### [PROBLEM REQUIREMENTS]
Would you return the data exactly as given, except for its pictures?
--- DATA SHOWN Enclosed Below ---
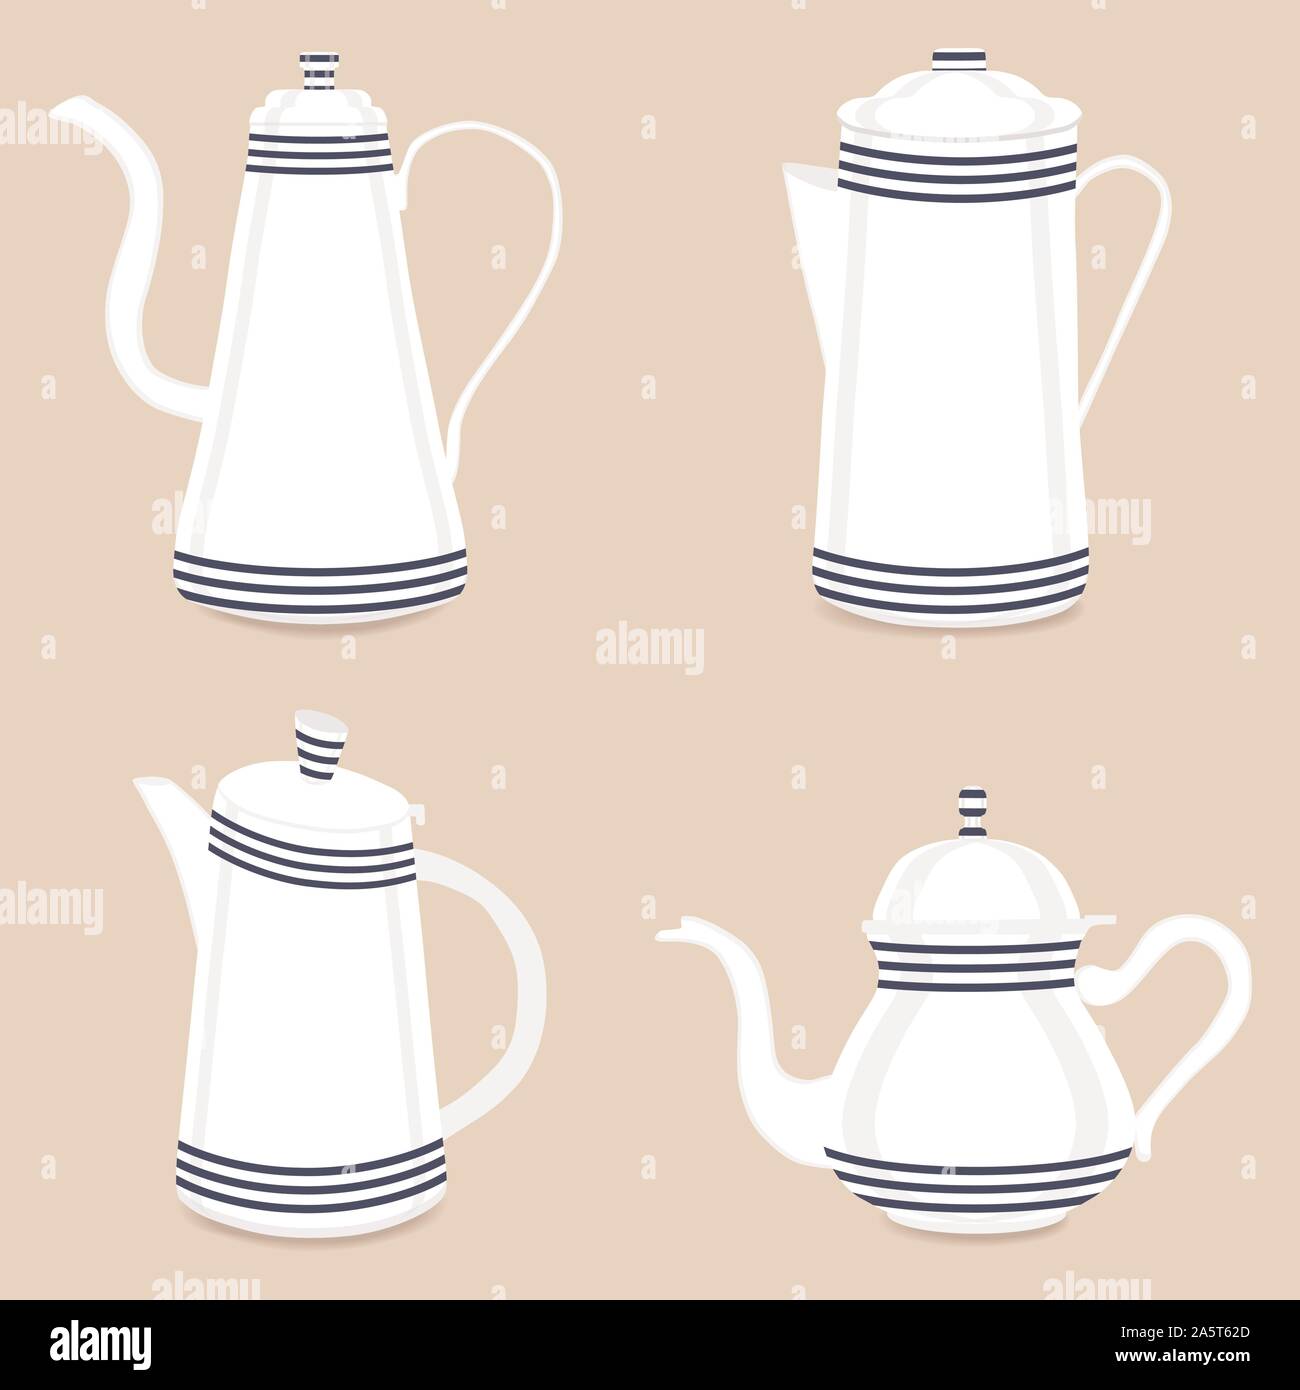 Abstract vector illustration logo for ceramic teapot, kettle on background. Teapot pattern consisting of glass kettles with handle, lid, spout for dra Stock Vector
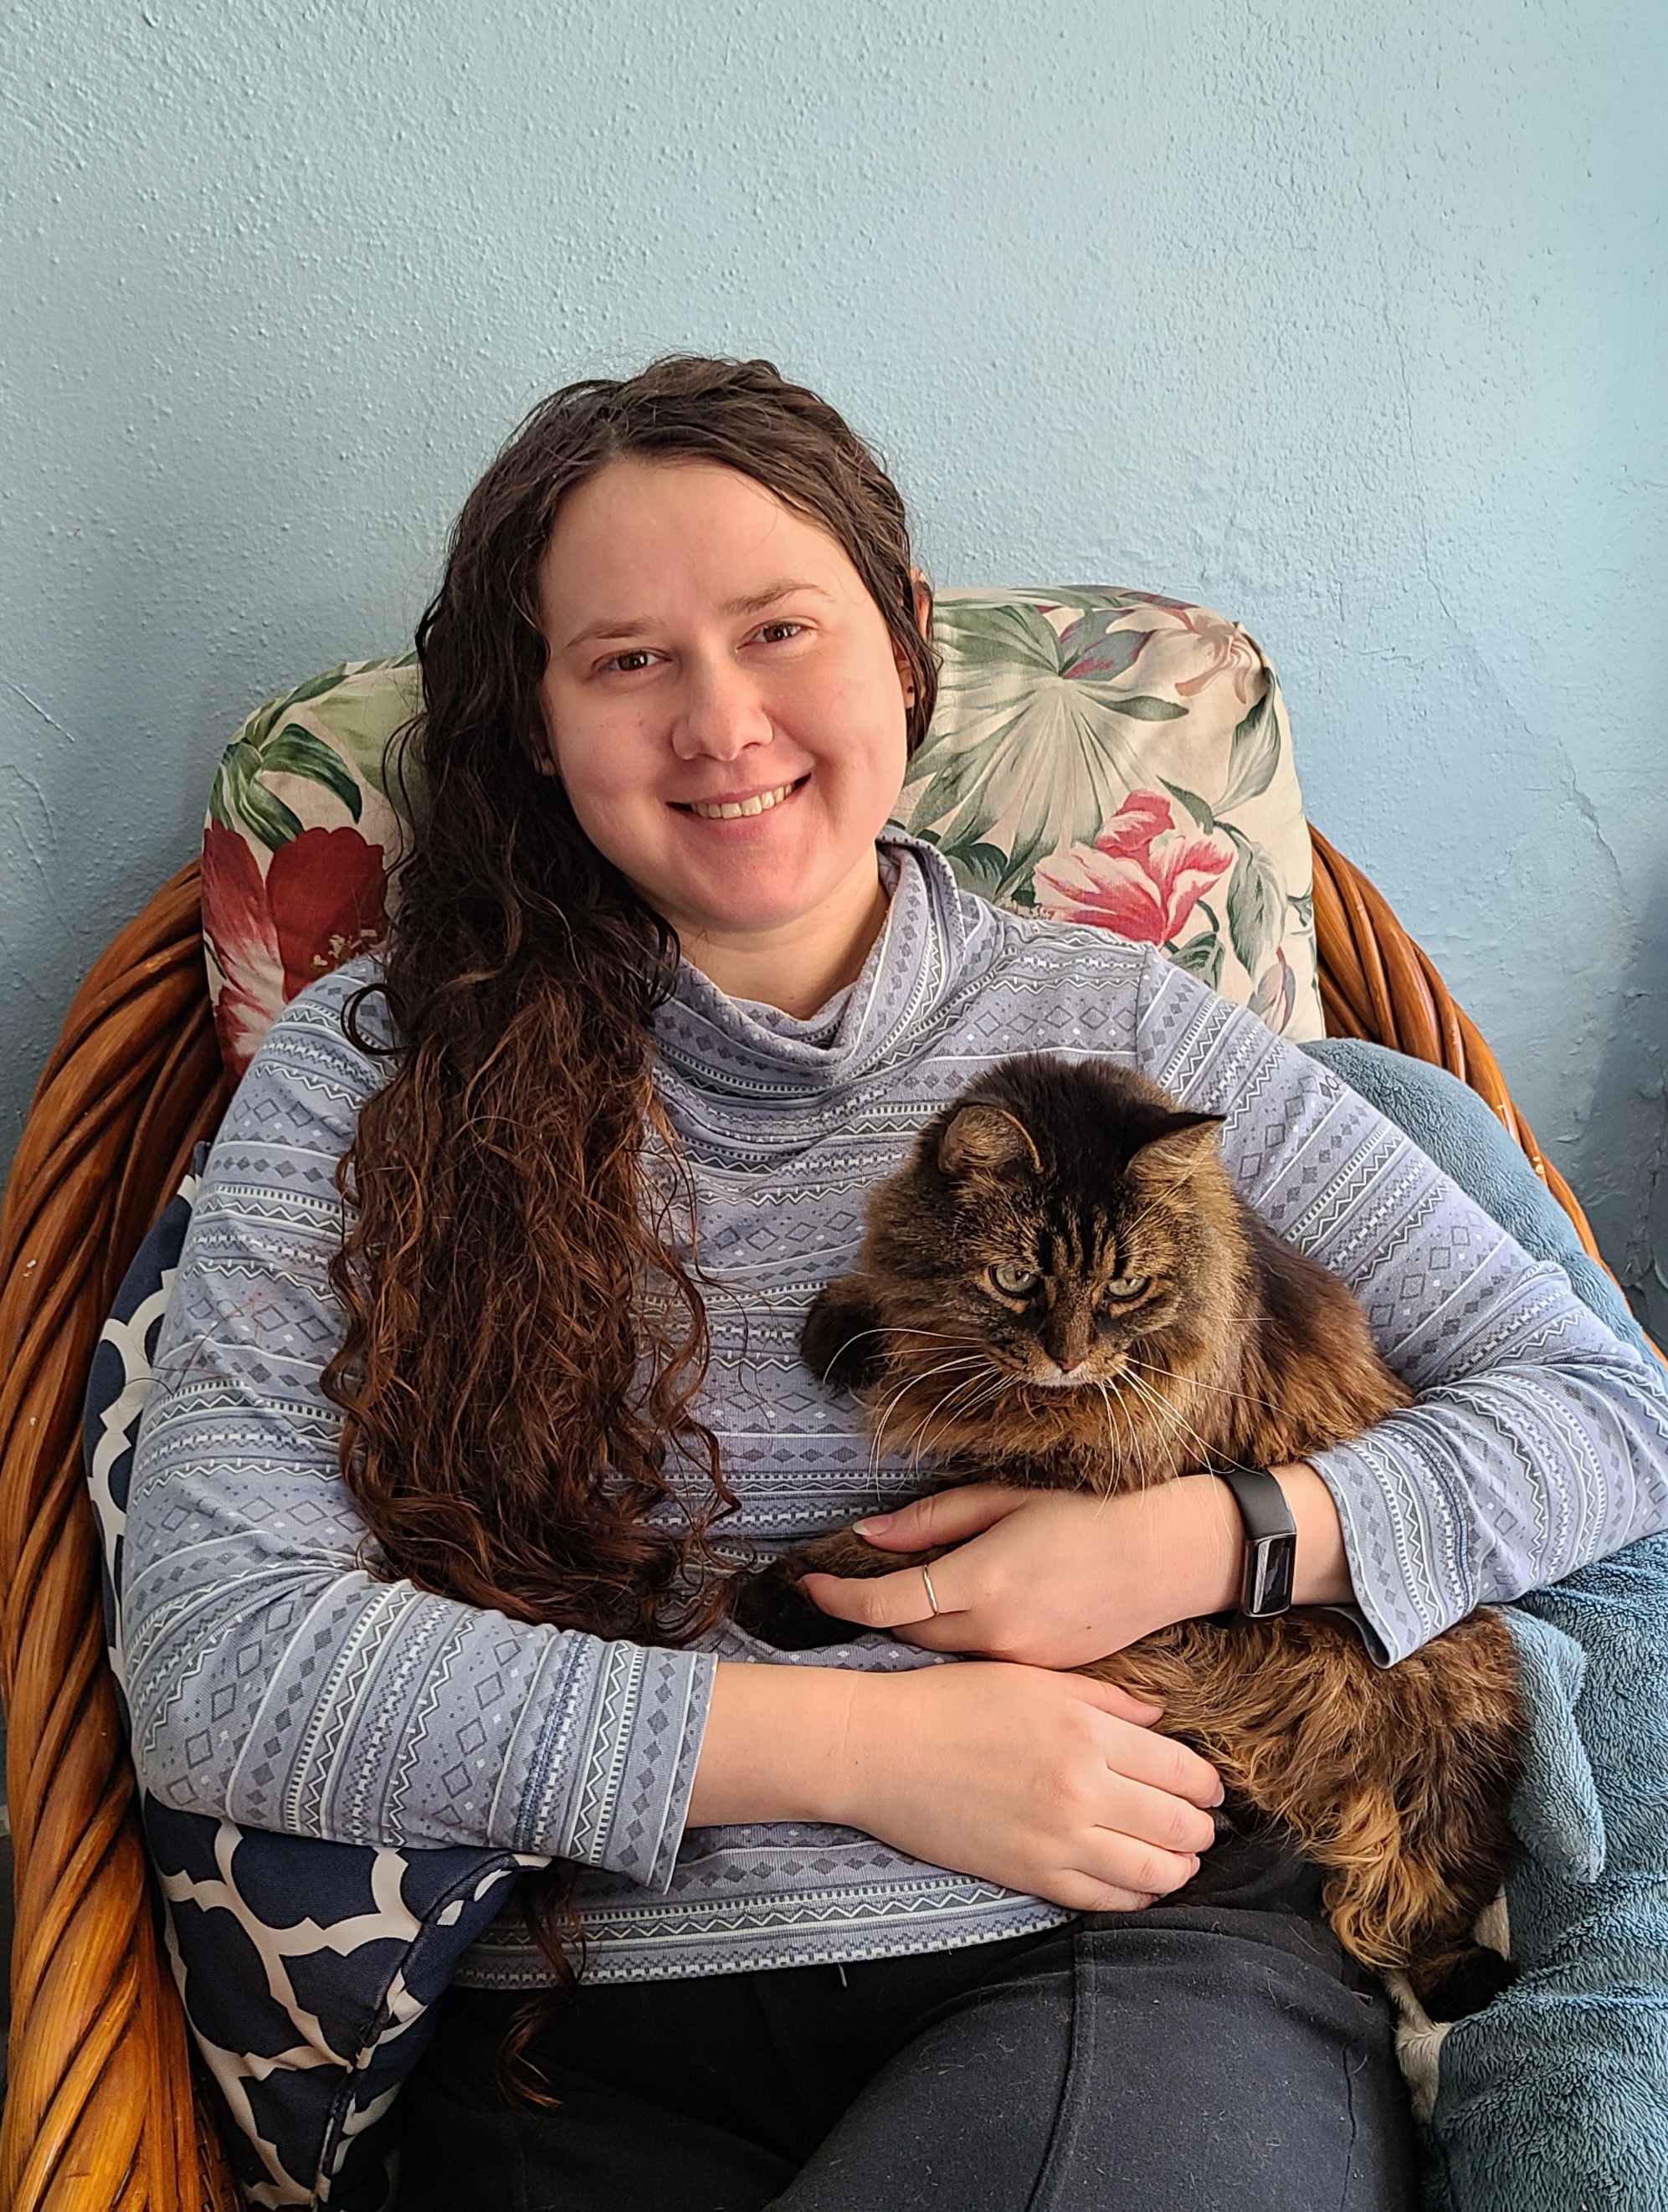 Sofiya Pisarenka sits in a wicker chair, smiling and holding a long-haired cat
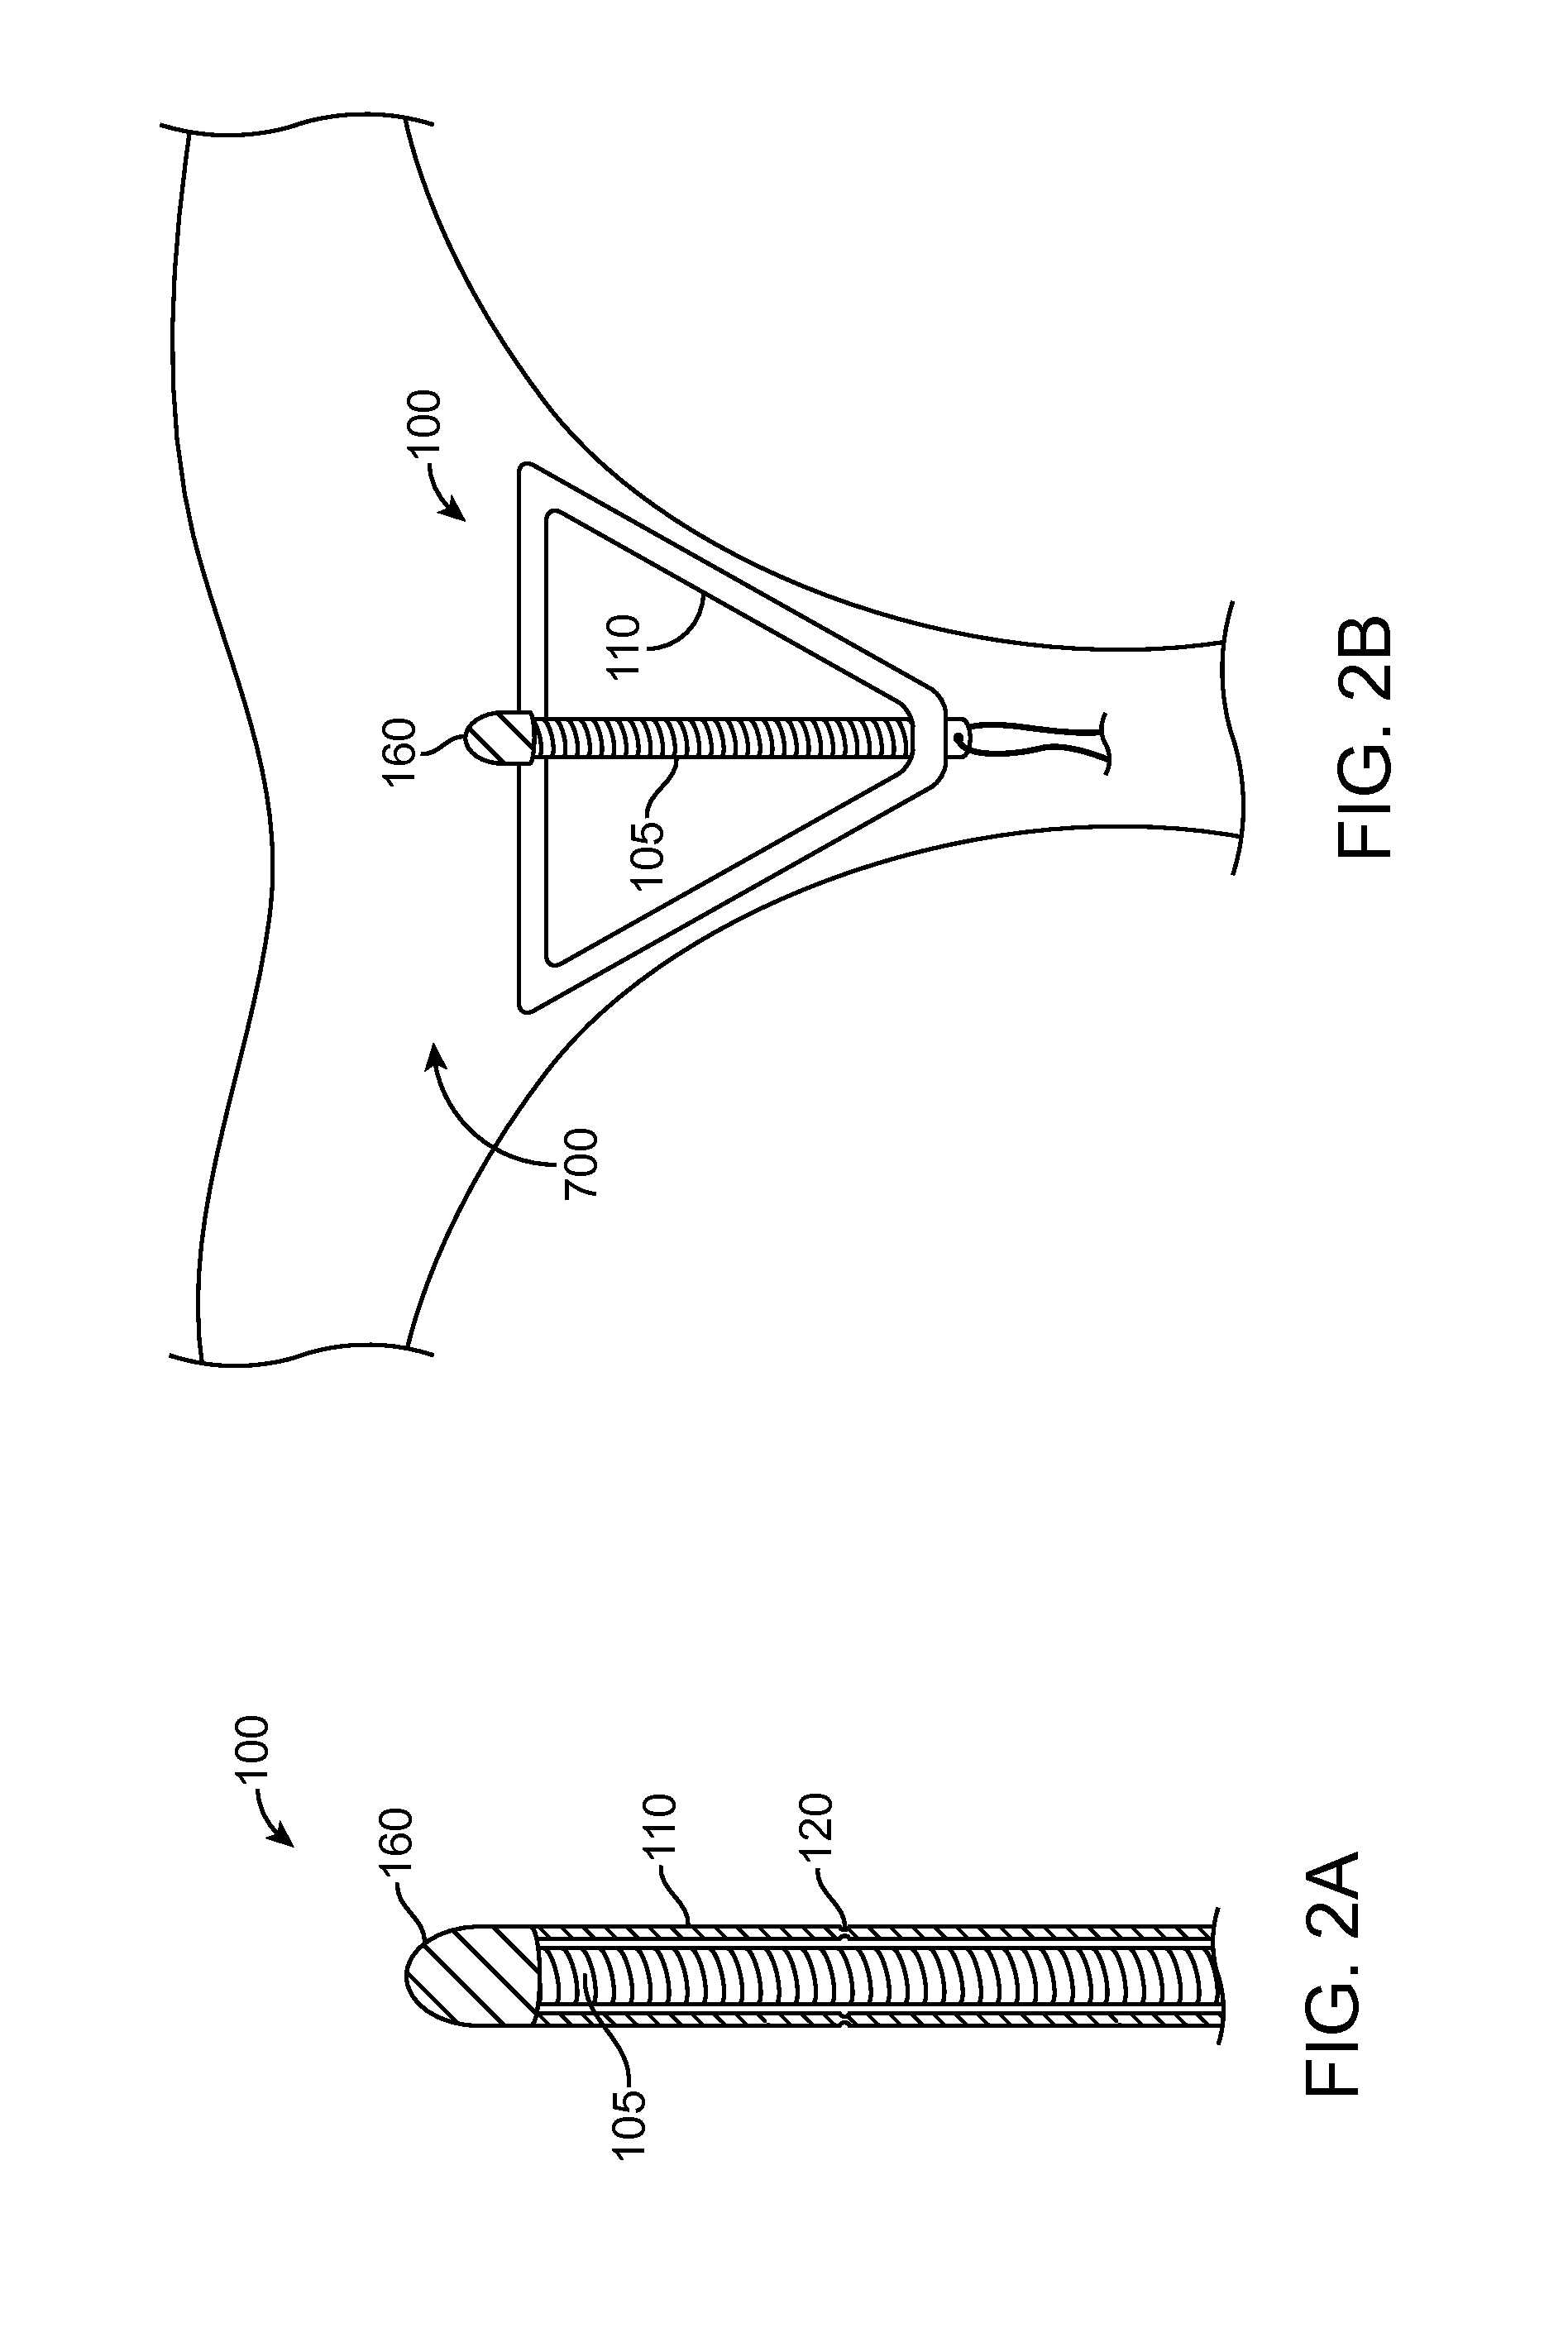 Intra-uterine device and related methods
--- End of Enclosed DATA SHOWN ---
### [RESPONSE TO THIS EXERCISE]
 Abstract vector illustration logo for ceramic teapot, kettle on background. Teapot pattern consisting of glass kettles with handle, lid, spout for dra Stock Vector
 Sofiya Pisarenka sits in a wicker chair, smiling and holding a long-haired cat
 Intra-uterine device and related methods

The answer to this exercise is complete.